Snow, co-editor of the newest report from the National Academy of Education's Committee on Teacher Education, along with a panel of experts, propose a radical revision of thinking about teacher preparation. Recommendations involve distinctive expectations for teaching performance throughout a sequence of career stages. Snow argues that participation in a continuous learning cycle serves as the foundation for better preparation of teachers, and to improved performance by U.S. students. Read Snow's summary or view a series of video excerpts of a recent presentation featuring key recommendations from each chapter of this latest National Academy report, Knowledge to Support the Teaching of Reading: Preparing Teachers for a Changing World.

Video Excerpts

View video excerpts of key findings from six chapters of the National Academy of Education's latest report, Knowledge to Support the Teaching of Reading: Preparing Teachers for a Changing World: Co-editor and Professor Catherine Snow presents at the Harvard Graduate School of Education, March 1, 2006.

Recommendations

The National Academy of Education report outlines key recommendations1 to guide reform efforts for teacher preparation as well as teacher professional development.
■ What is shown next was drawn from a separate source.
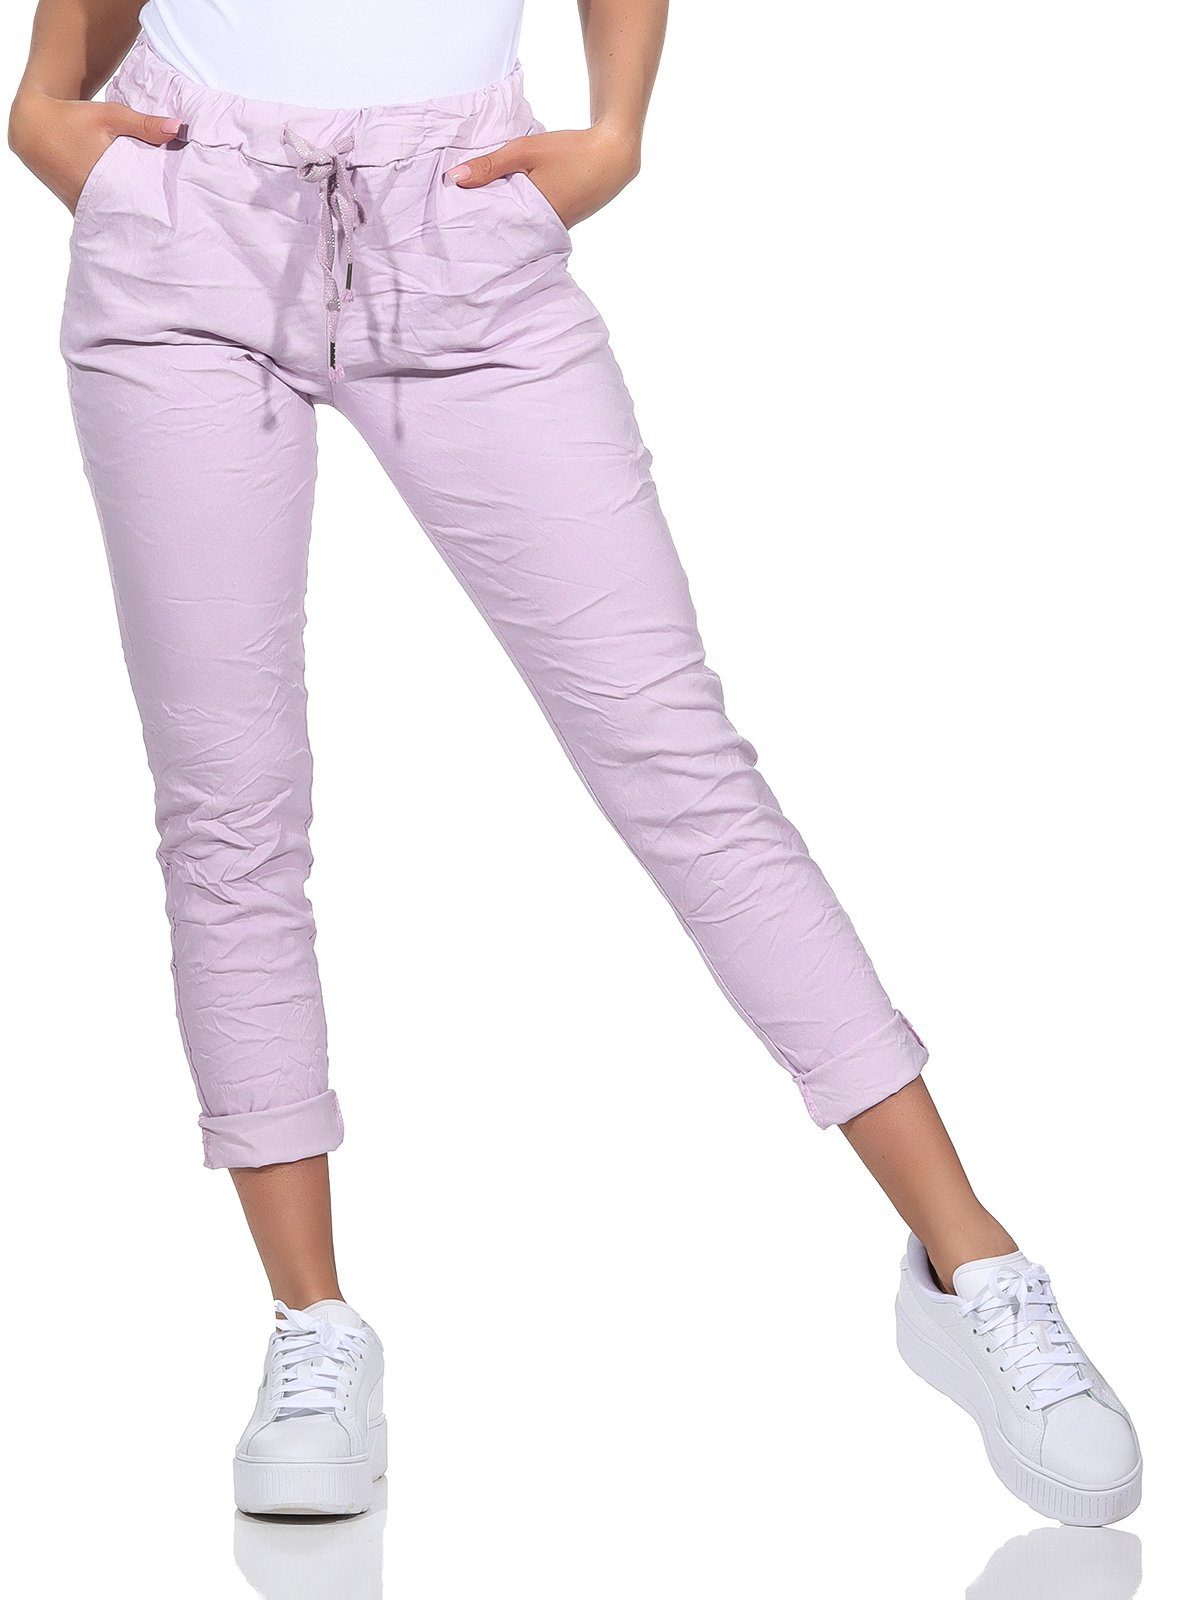 Aurela Damenmode Schlupfhose Sommerhose Damen Chinohose leichte Schlupfhose auch in großen Größen erhältlich, Stretch-Jeans in modischen Sommerfarben, max. Körpergröße 1,69m Flieder

Among these recommendations:

  • Teacher preparation programs should view the development of literacy as important for all teachers to cultivate, including those teaching disciplines such as science, math and social studies. Teacher candidates best serve students if they have strong knowledge about reading and its development in addition to knowledge of their own content areas.
  • Declarative knowledge about reading and its development must be made usable and concrete for beginning teachers in order to ease the transition into classroom teaching.
  • Teachers need enhanced training in how to sustain students' motivation in reading. Teacher candidates should be prepared to work with children from different backgrounds and encouraged to hold high expectations for all students' achievement.
  • Teacher programs should confront the harmful myths that may be held by beginning teachers concerning the reading potential for children, especially those with disabilities, who are second language learners, and who are members of socio/economic minority groups.
  • Teachers should understand the basic principles underlying quality assessment, have familiarity with a wide range of assessment tools and practices, build knowledge on how to use assessment outcomes to inform instructional decision making, and increase their skills in communicating assessment results to students, parents, administrators, and other members of instructional teams.
  • More collaboration is needed between novice teachers and more expert teachers as well as other consulting professionals within schools, thus creating teams that will serve students better than any individual teacher could.
  • And finally, ongoing professional development should be designed based on the expectation that teacher expertise develops over time. Both preservice and professional development programs should adopt a "Learn – Enact – Assess – Reflect" framework, and schools/districts need to build in enhanced rewards as well as responsibilities for teachers as they progress from novice to expert.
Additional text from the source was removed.